**What you need to do**. Without including any images, please transcribe all the lines below exactly.

**Dataset excerpt**.
----------------------------------------

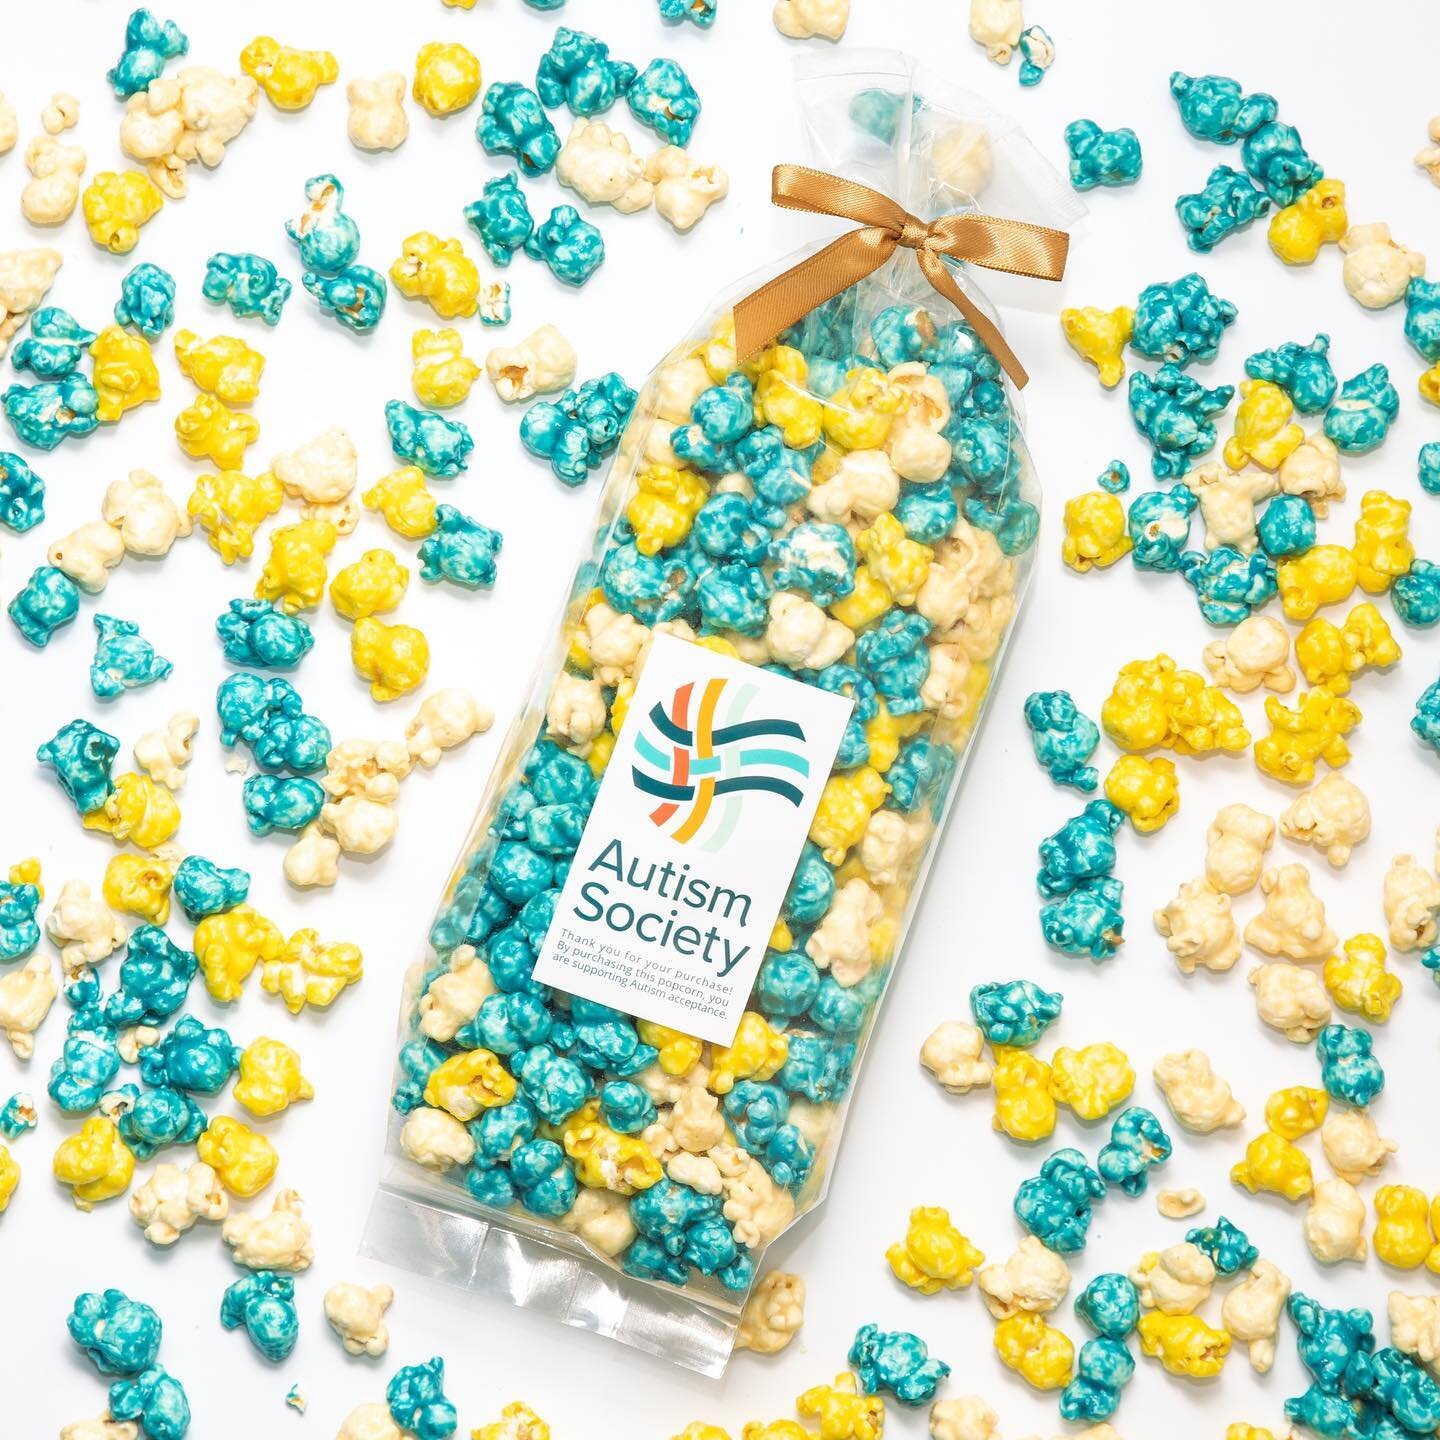 It&rsquo;s Autism Acceptance Day and we&rsquo;ve curated a special gourmet popcorn blend to support autism awareness✨

A bright, fruity blend of blueberry, lemon, and vanilla candied #popcorn 🍿 We think it tastes like #skittles, but give it a try an
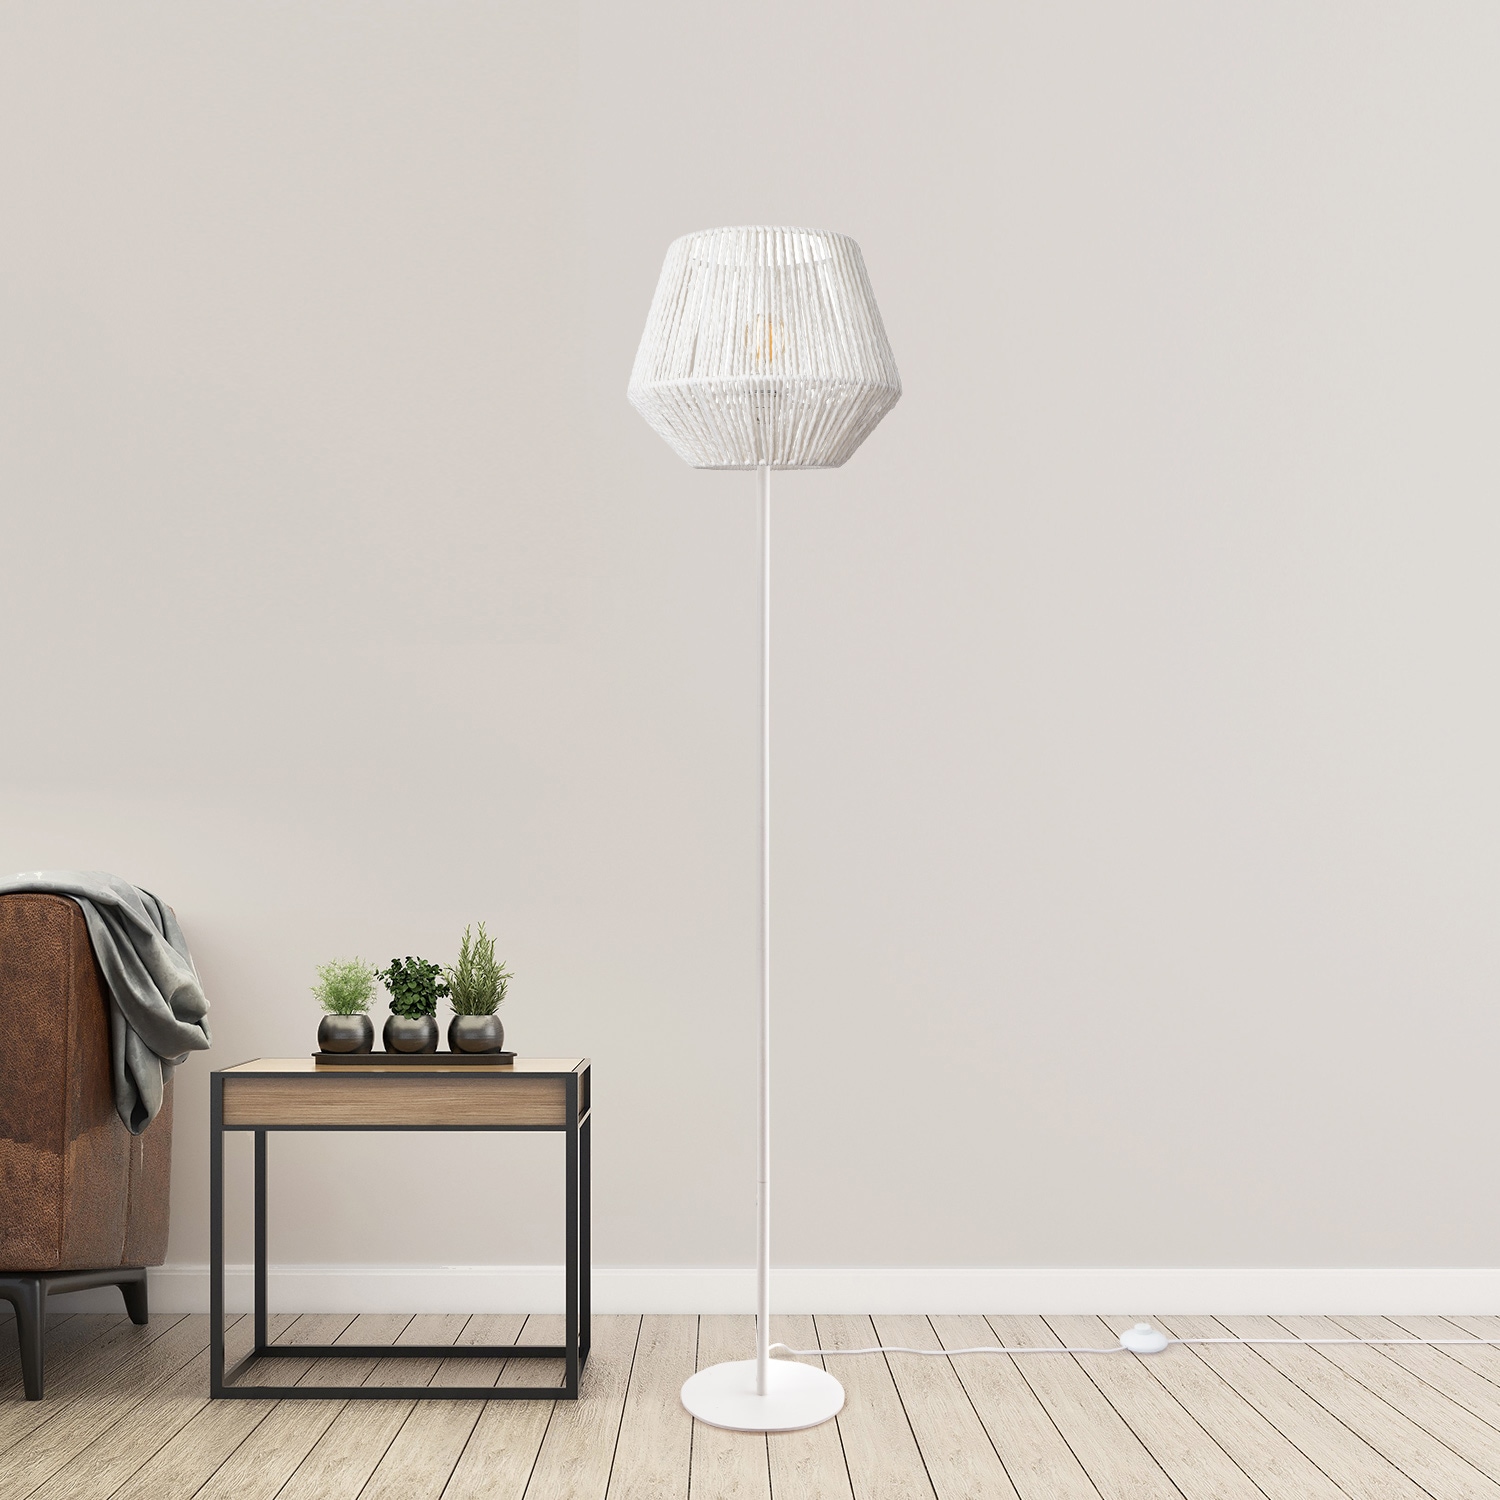 Paco Home Stehlampe »Pinto«, 1 flammig-flammig, moderne LED Lampe in Boho Optik, Wohnzimmer, Schlafzimmer, Fassung E27

----------------------------------------

**Task result**.
 It&rsquo;s Autism Acceptance Day and we&rsquo;ve curated a special gourmet popcorn blend to support autism awareness✨

A bright, fruity blend of blueberry, lemon, and vanilla candied #popcorn 🍿 We think it tastes like #skittles, but give it a try an
 Paco Home Stehlampe »Pinto«, 1 flammig-flammig, moderne LED Lampe in Boho Optik, Wohnzimmer, Schlafzimmer, Fassung E27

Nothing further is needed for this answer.